We significantly improved PEdriver's ability to deal with network congestion & delay
variations somewhare around V6.0. This kit back-port these changes to V5.5-2.
READ THE MANUAL:
The "Troubleshooting the NISCA Protocol" appendix to the
V6.1 & higher versions of the VMScluster Systems manual shows how
to use SDA to get & interpret counters & delay information from
PEdriver's port, VC, & Channel data structures. This should help
identify why PEdriver is closing VCs. I suspect that a channel is
getting listen timeouts because packets are being lost due to network
congestion or (less likely) faulty network HW.
00x = UNRECOGNIZED OPCODE
The errorlog analyzer doesn't understand that some errorlog entries don't
have a message buffer attached. It always assumes that the message buffer fields
are there. In this case there isn't any message & these fields are all 0s.
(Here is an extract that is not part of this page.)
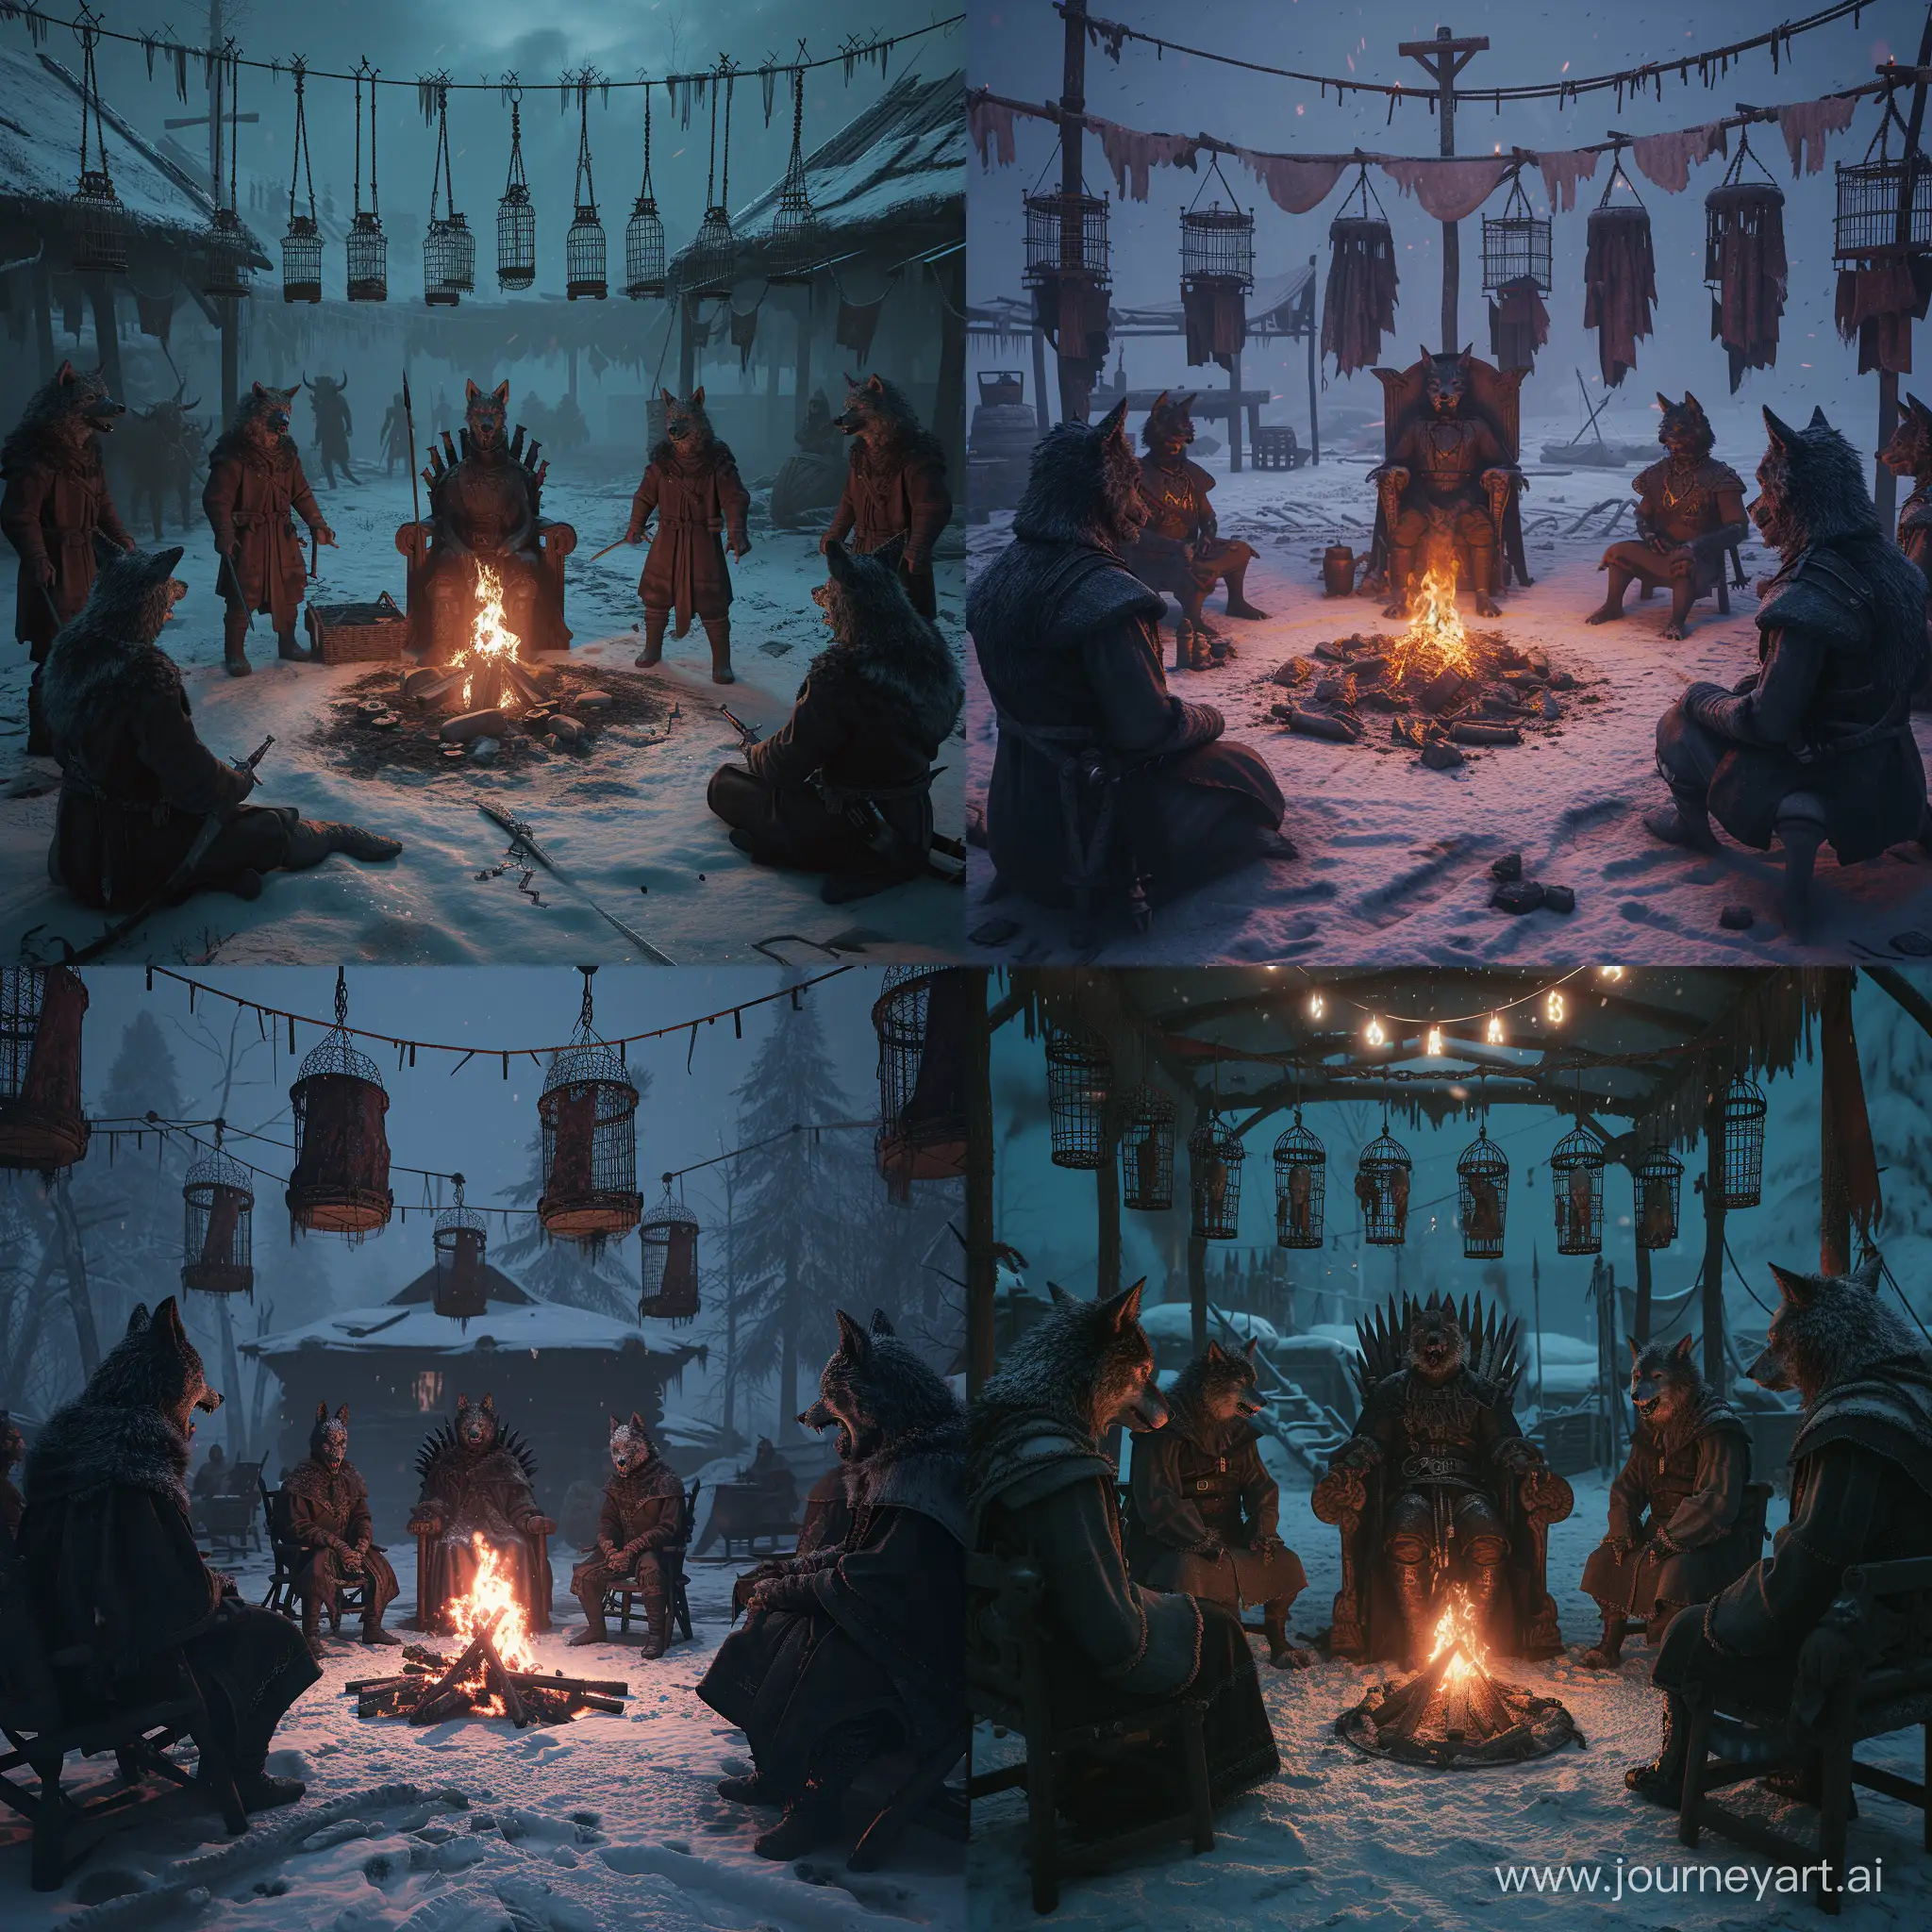 Ferocious-WolfHeaded-Warriors-Convene-Around-Snowy-Throne-in-Unreal-Horror-Camp

The OPcode value of 00x is undefined for PEdriver. So this part of the
errorlog report is missleading...
'Gards, Verell
|
5314.8 | update | MLNCSC::CAREMISE | and then they were ...four ! | Wed May 28 1997 05:50 | 28 |
| Probably I wasn't clear in my .0
It cannot be a problem of loosed connection 'cause the cabling is TP,
that means direct connection to the Repeater. No thin wire involved.
All port are switched (that means 'bridge' in my opinion...) and every
Repeater is switched again on the backbone through a 3COM Port Switch.
The boot node is directly connected to the other DecSwitch (that IS a
Bridge) so everything is ALREADY Bridged.
Traffic percentage on the two networks are below 25% , so there's not
ethernet congestion.
VAXLAVC patch is already been installed ( read my .0 )
The only thing I can agree with, is the chance to have a lot of
broadcast storms, and now I will investigate on this.
It seems that this storms comes from SUN Stations.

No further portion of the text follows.